Мурзин: Что значица, капиталисты и не плотют? Значица, вы родину свою так, за бесплатно продаете? Нехорошо!

Майор: Постыдилась бы о своей тамошней книжке врать! Знаем мы, как не платят. Нехорошо!

Некто в сером: Дайте адрес и доверенность, взыщем через судебные органы.

Я: Там государство поэтам не платит, разве что меценаты. Поэты почти все где-нибудь работают. Это у нас поэты живут за государственный счет.

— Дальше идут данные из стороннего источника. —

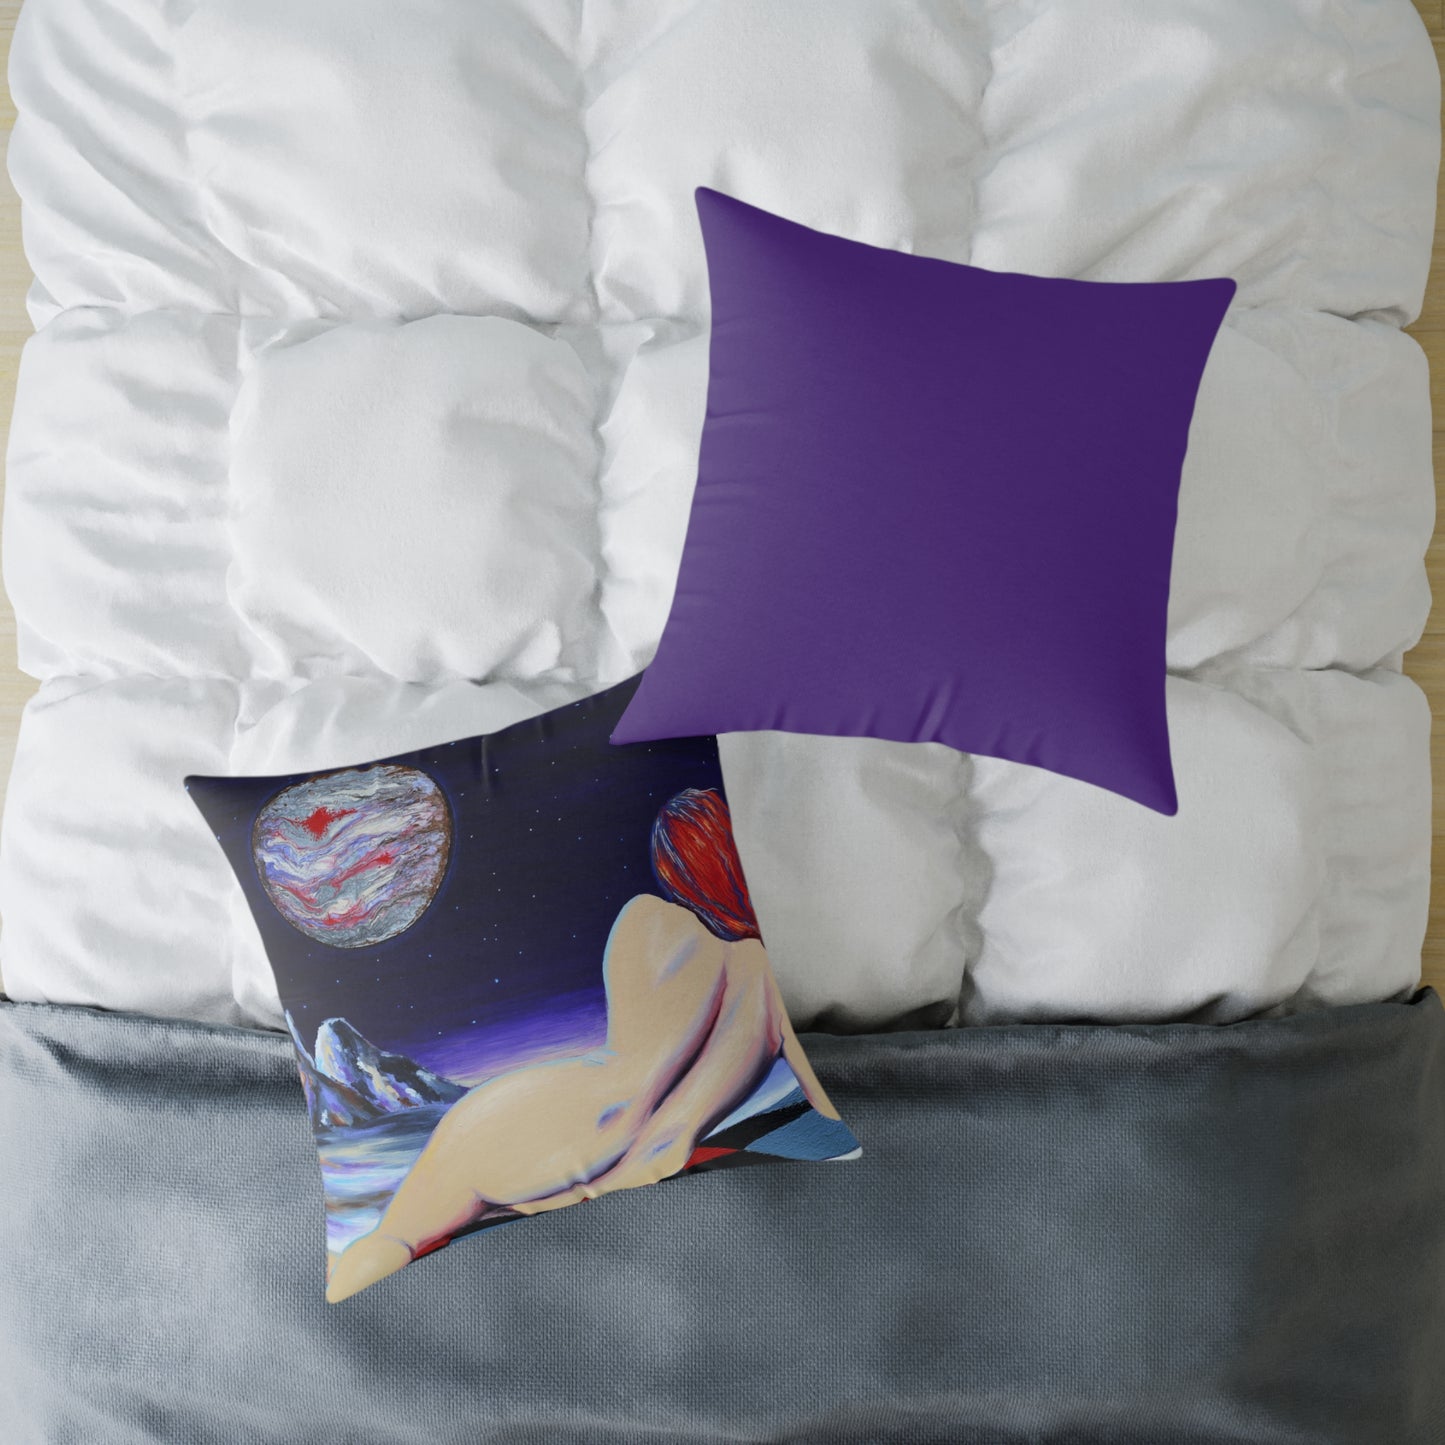 Planet B Polyester Pillow

Мурзин, обращаясь ко всем: Слыхали, как лапшу вешает! Не понравилось ей на наших государственных хлебах, значица, но и в тюрьме — хлеб государственный.

Полковник: А вам известно, что все члены редколлегии — махровые антисоветчики, — берет из рук Мурзина журнал и начинает перечислять имена, останавливаясь на каждом. Все имена мне известны, как и этот номер «Континента», но при имени Сахарова не удерживаюсь:

— Извините, при чем тут бедный Сахаров, он не там, а здесь, в городе Горьком! Чуть было не сказала: «в психушке сейчас», да прикусила язык, сама, сама чуть не намекнула, как со мной им легче всего решить вопрос!

Мурзин: Значица, бедный? И все остальные враги — бедные, что и денег вам не плотют, да они там все миллионщики!

Я: Вот вы говорите, а я ведь и слушать внимательно не могу, настолько мне интересно, какие же стихи мои напечатаны.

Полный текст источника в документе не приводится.